Depression is a common co-morbidity in chronic pain. Several studies have reported the prevalence of major depression in chronic lower back pain over a 6-month period (21-45%) [8]. Depression is the result of the imbalance and dysfunction of neurotransmitters such as serotonin, norepinephrine, and dopamine [9]. Several studies have shown that pain and depression are conducted through the same descending pathways in the central nervous system forming a biological link between these two conditions [2]. Severe pain, restriction of daily activities, and pain refractory to treatment are related to depression. Patients with both pain and depression should be treated for these conditions simultaneously for optimal treatment outcomes [2]. TMS has been used in the treatment of psychiatric disorders. A TMS machine delivers a magnetic field to the brain using a magnetic stimulator to stimulate neurons to release neurotransmitters into the synaptic cleft. These neurotransmitters affect mood, cortical excitability, and other brain activities [10]. There is a study that TMS treatment of the left prefrontal cortex for at least 3 weeks has an antidepressant effect [11]. George et al. [12] showed remission in 30-40% of cases which was maintained for 3 months following treatment in 58% of the patients. We assessed clinical improvement of depression using the BDI. The BDI is a useful questionnaire utilizing a self-rated scale for observing the level of depression. A reduction in BDI scores was achieved in both patients following the conclusion of the treatment. The depression grade decreased from moderate and extreme depression to a mild mood disturbance. Mood improvement was maintained at the 3-month follow up.

Insomnia is a common co-morbid condition with chronic lower back pain. Insomnia is related with reduced quality of life. Sleep impairment occurred in 55% of chronic lower back pain patients, and over 50% of insomniacs had moderate to severe levels of insomnia [13]. The severity of insomnia was measured by the Insomnia Severity Index (ISI). This questionnaire is a valid and reliable tool that contains seven statements relating to insomnia severity, producing a range from 0 to 28. A higher score corresponds to a greater severity. In our report, insomnia reduced from moderate and severe levels to sub-threshold insomnia. The quality of sleep was better after treatment. A TMS study evaluating insomnia showed a significant improvement in sleep problems, with a lower recurrence rate compared to treatment with medication and psychotherapy [14].

TMS has been used for the treatment of various chronic neuropathic pain disorders, including phantom limb pain, fibromyalgia, complex regional pain syndrome, and central pain following stroke or spinal cord injury [5]. The mechanism of TMS therapy has not been previously addressed.
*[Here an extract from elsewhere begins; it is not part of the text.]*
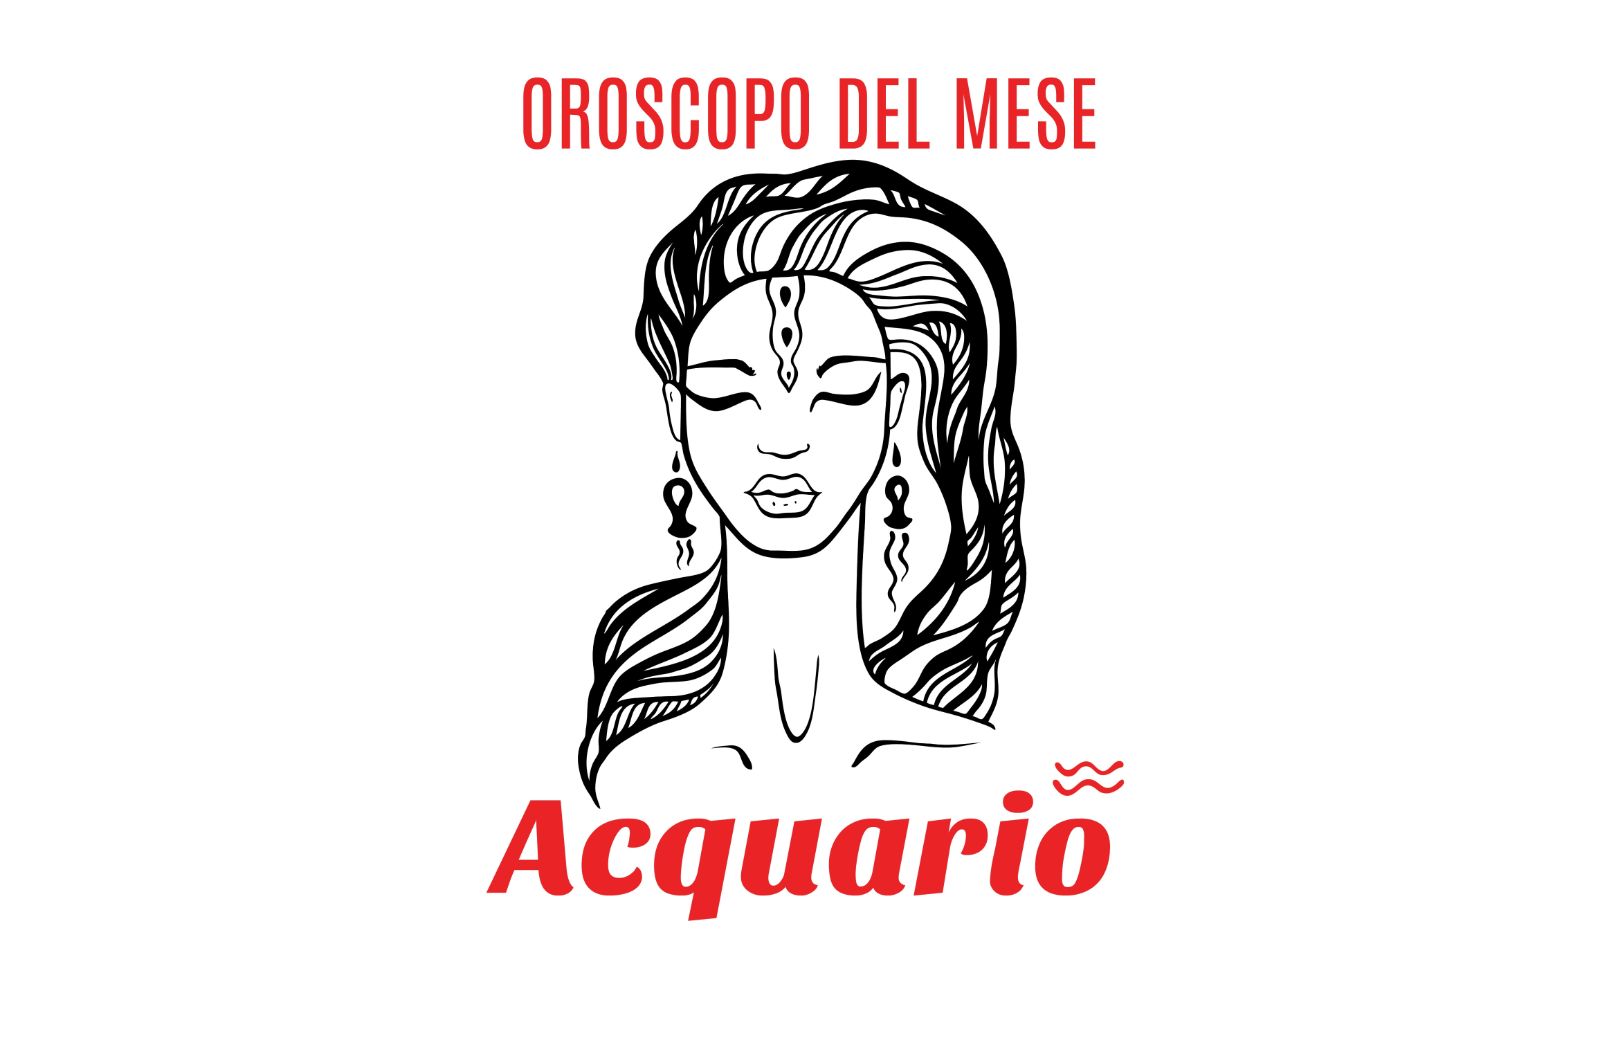 Oroscopo del mese: Acquario - aprile 2019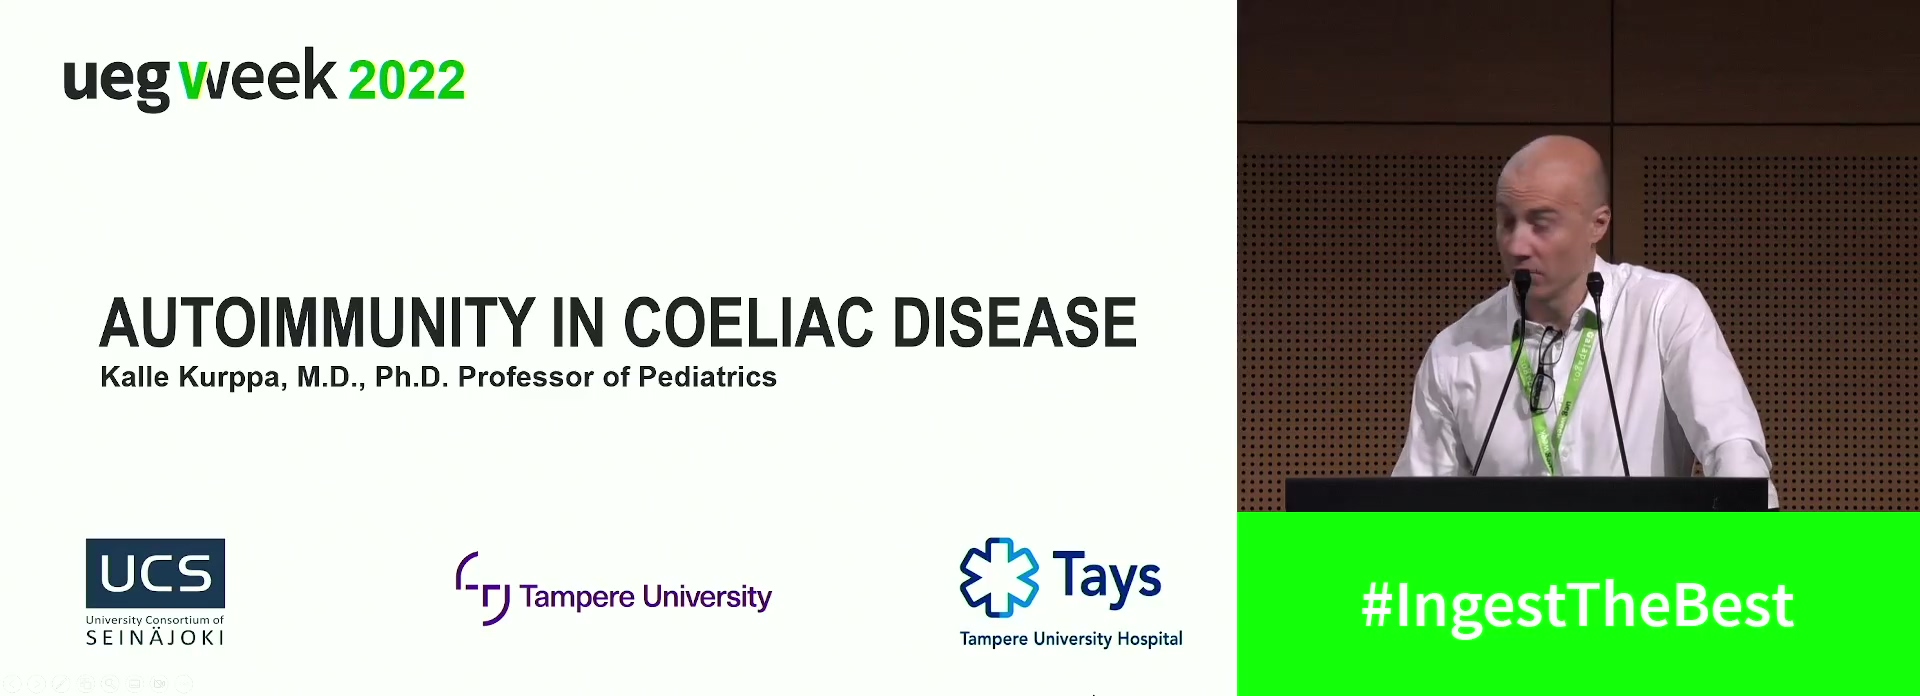 Autoimmunity in coeliac disease

TMS acts on pain-modulating systems in the diencephalon and descending pain pathways from the brainstem to the spinal cord [15]. Several studies proposed hypotheses for the mechanism of chronic pain management with TMS. GABAergic inhibitory neurotransmission may play a role in pain modulation with TMS [16]. Endogenous opioid systems may also be affected by TMS-induced analgesia depending on the stimulation site [17]. TMS has produced analgesia with chronic pain, but the improvement depends on various factors, including the stimulation frequency, stimulation site, and treatment duration [18]. Treatment duration is important to maintain the treatment effects. TMS provided on consecutive days yielded long-lasting effects.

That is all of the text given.